Nestlé and Australian recycler iQ Renew have forged a partnership for a trial which aims to see soft plastics collected from over 100,000 local homes through kerbside recycling and diverted from landfill.
The collaboration was a result of increasing consumer demand for improved recycling and the trial aims to find a broadly applicable way to collect, sort and process soft plastics.
iQ Renew CEO Danial Gallagher said there is an opportunity in turning soft plastic from a waste to a resource as soft plastics not only make up 20 per cent of the volume of Australian household landfill bins, but are also frequently found incorrectly placed in recycling bins.
“Most Material Recovery Facilities (MRFs) can’t separate soft plastic from other items in household recycling, so while soft plastic can be recycled, what we lack is a robust, scalable system to collect and process it using existing kerbside collection,” Gallagher said.
“We’ve designed the trial so that at the front end, it will support householders to pre-sort their soft plastic and get it into a recycling stream, while behind the scenes, we’ll test using the sorted soft plastic as a resource in a range of different manufacturing processes.”

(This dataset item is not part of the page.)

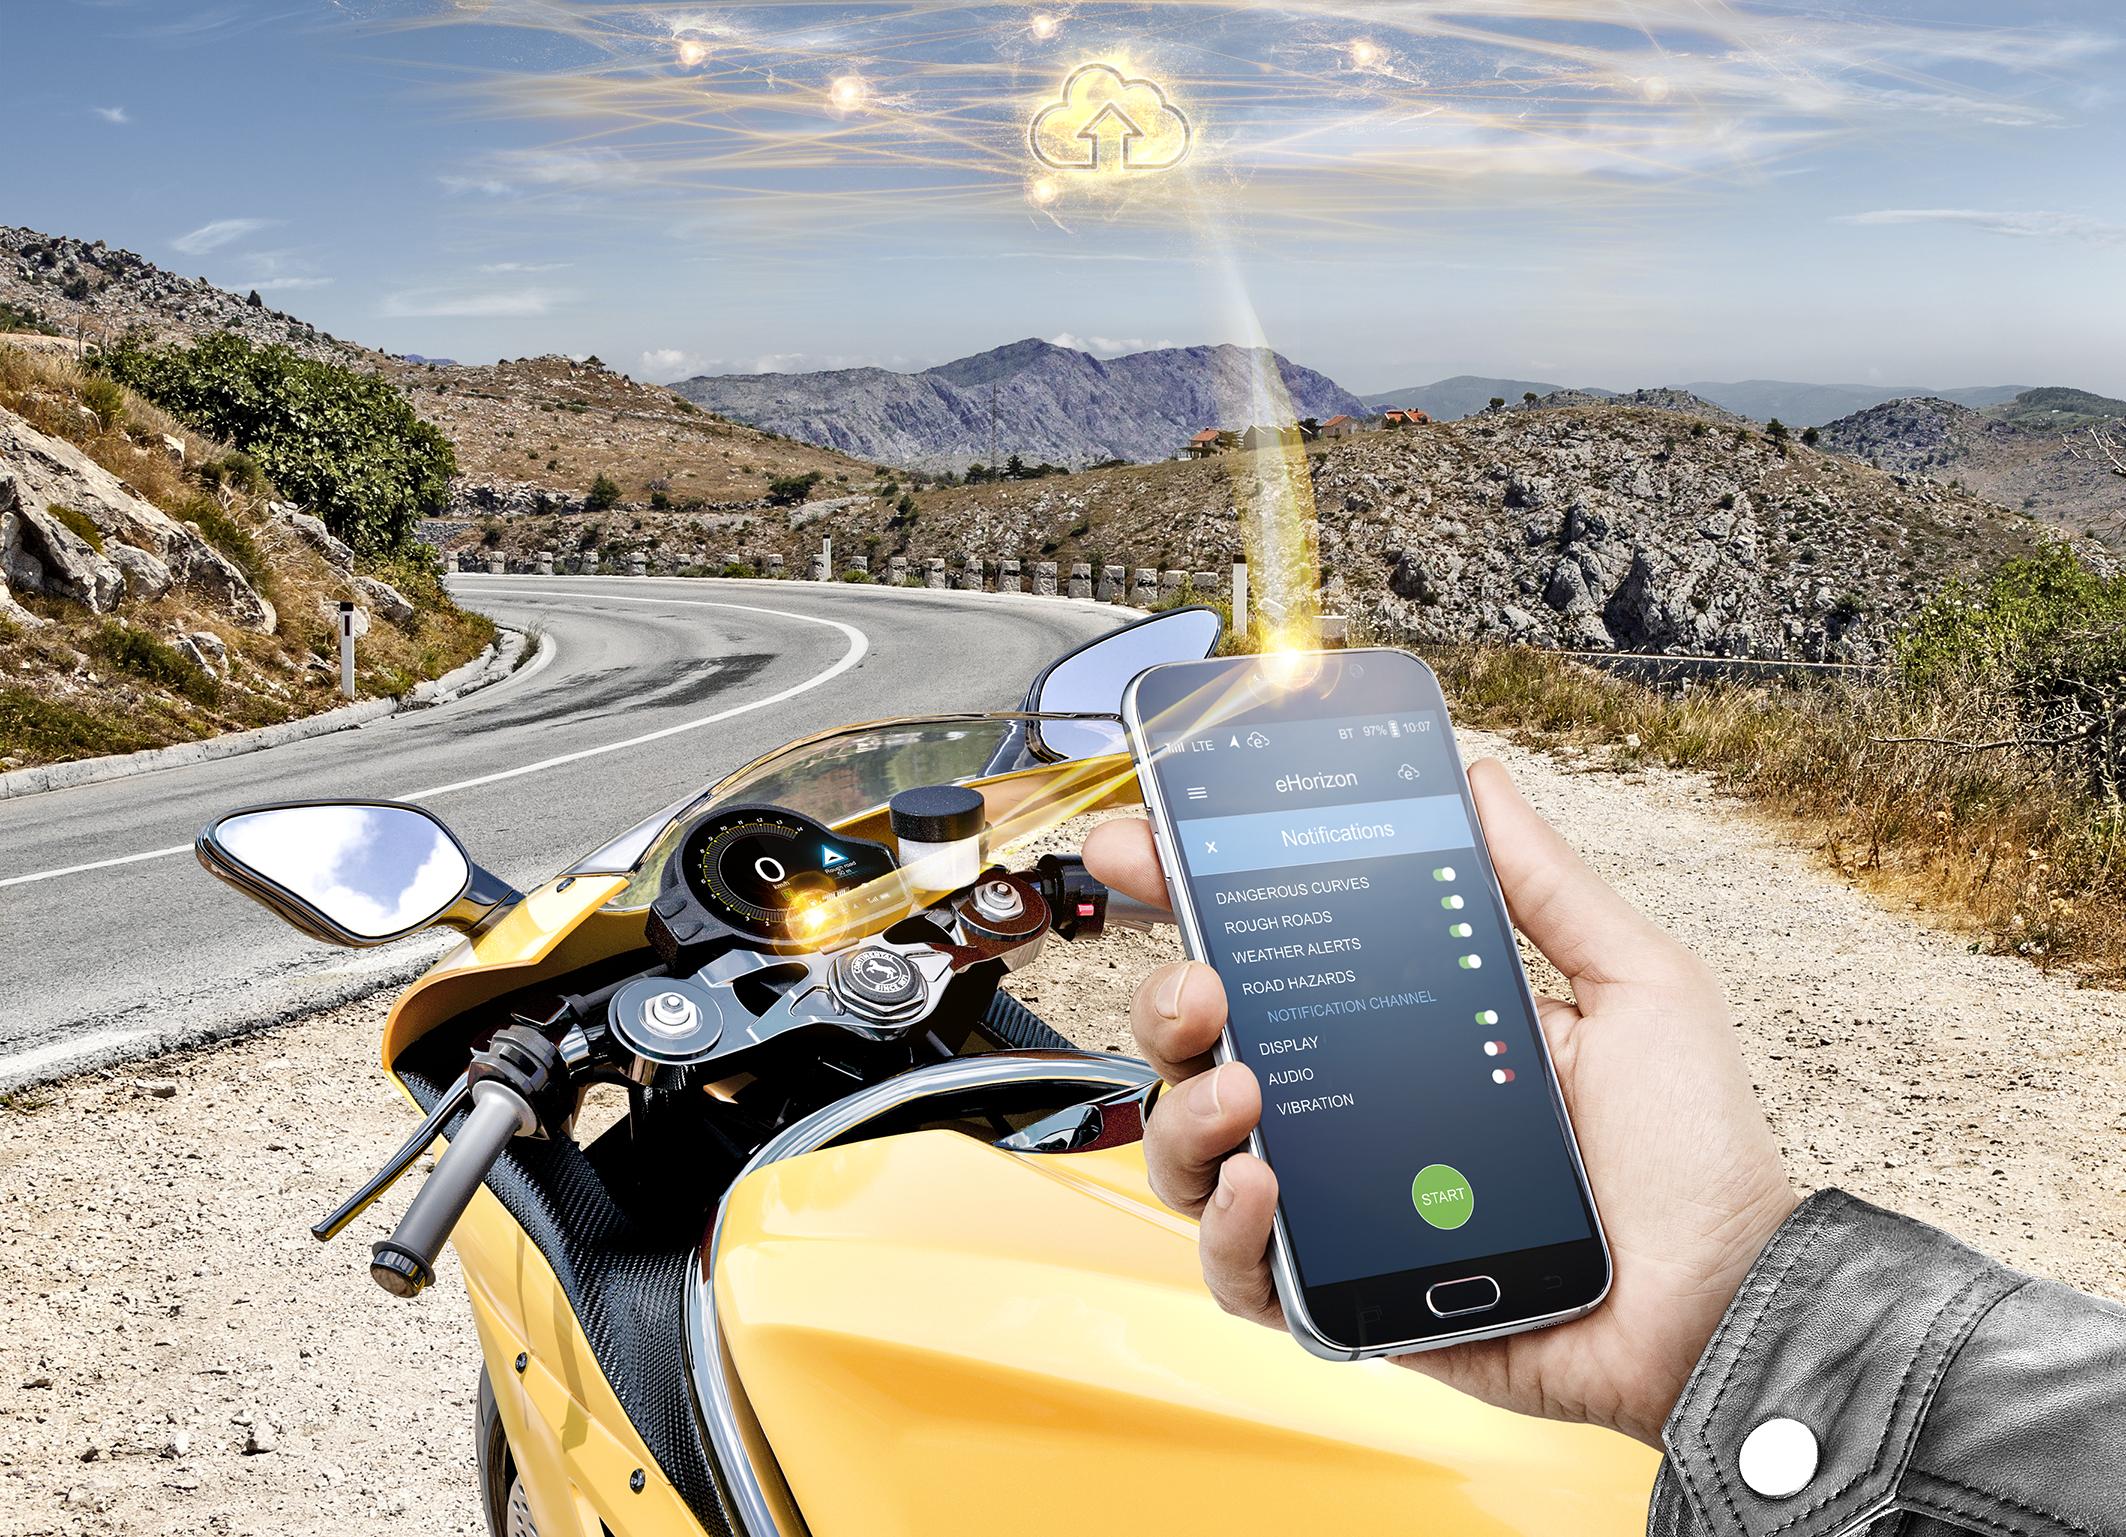 Telefon komórkowy zostaje w Twojej kieszeni: Continental prezentuje koncepcję połączonych usług dla motocykli

Nestlé Australia CEO Sandra Martinez said the company wanted to find sustainable paths to recycle packaging.
“While we are working to make all our packaging recyclable, we know that soft plastics is an area that needs greater focus and collaboration. We need to find ways to drive more recycling here,” Martinez said.
“As Nestlé plans to reduce our virgin plastic use and increase the amount of food grade recycled plastic packaging we use, we need plastic to be collected. Given the low amount of soft plastic collected from consumers today, we hope this trial can unlock the significant potential for soft plastic packaging to become a resource.”
Martinez added that Nestlé wants to help people to recycle effectively.
“Australians are enthusiastic recyclers and want better recycling systems that take plastic packaging out of landfill. This trial will uncover how households understand soft plastics collection and answer critical questions about how it affects their in-home recycling behaviour. We have a vision for Australia to have a waste free future,” she said.
The project will commence with a pilot of 2000 households, with plans to expand to over 100,000 households later in the year, processing around 750 tonnes of soft plastic that would otherwise be sent to landfill.
Locations for the trial are currently under consideration.
The trial will be formally announced at the National Plastics Summit in Parliament House on 9 March.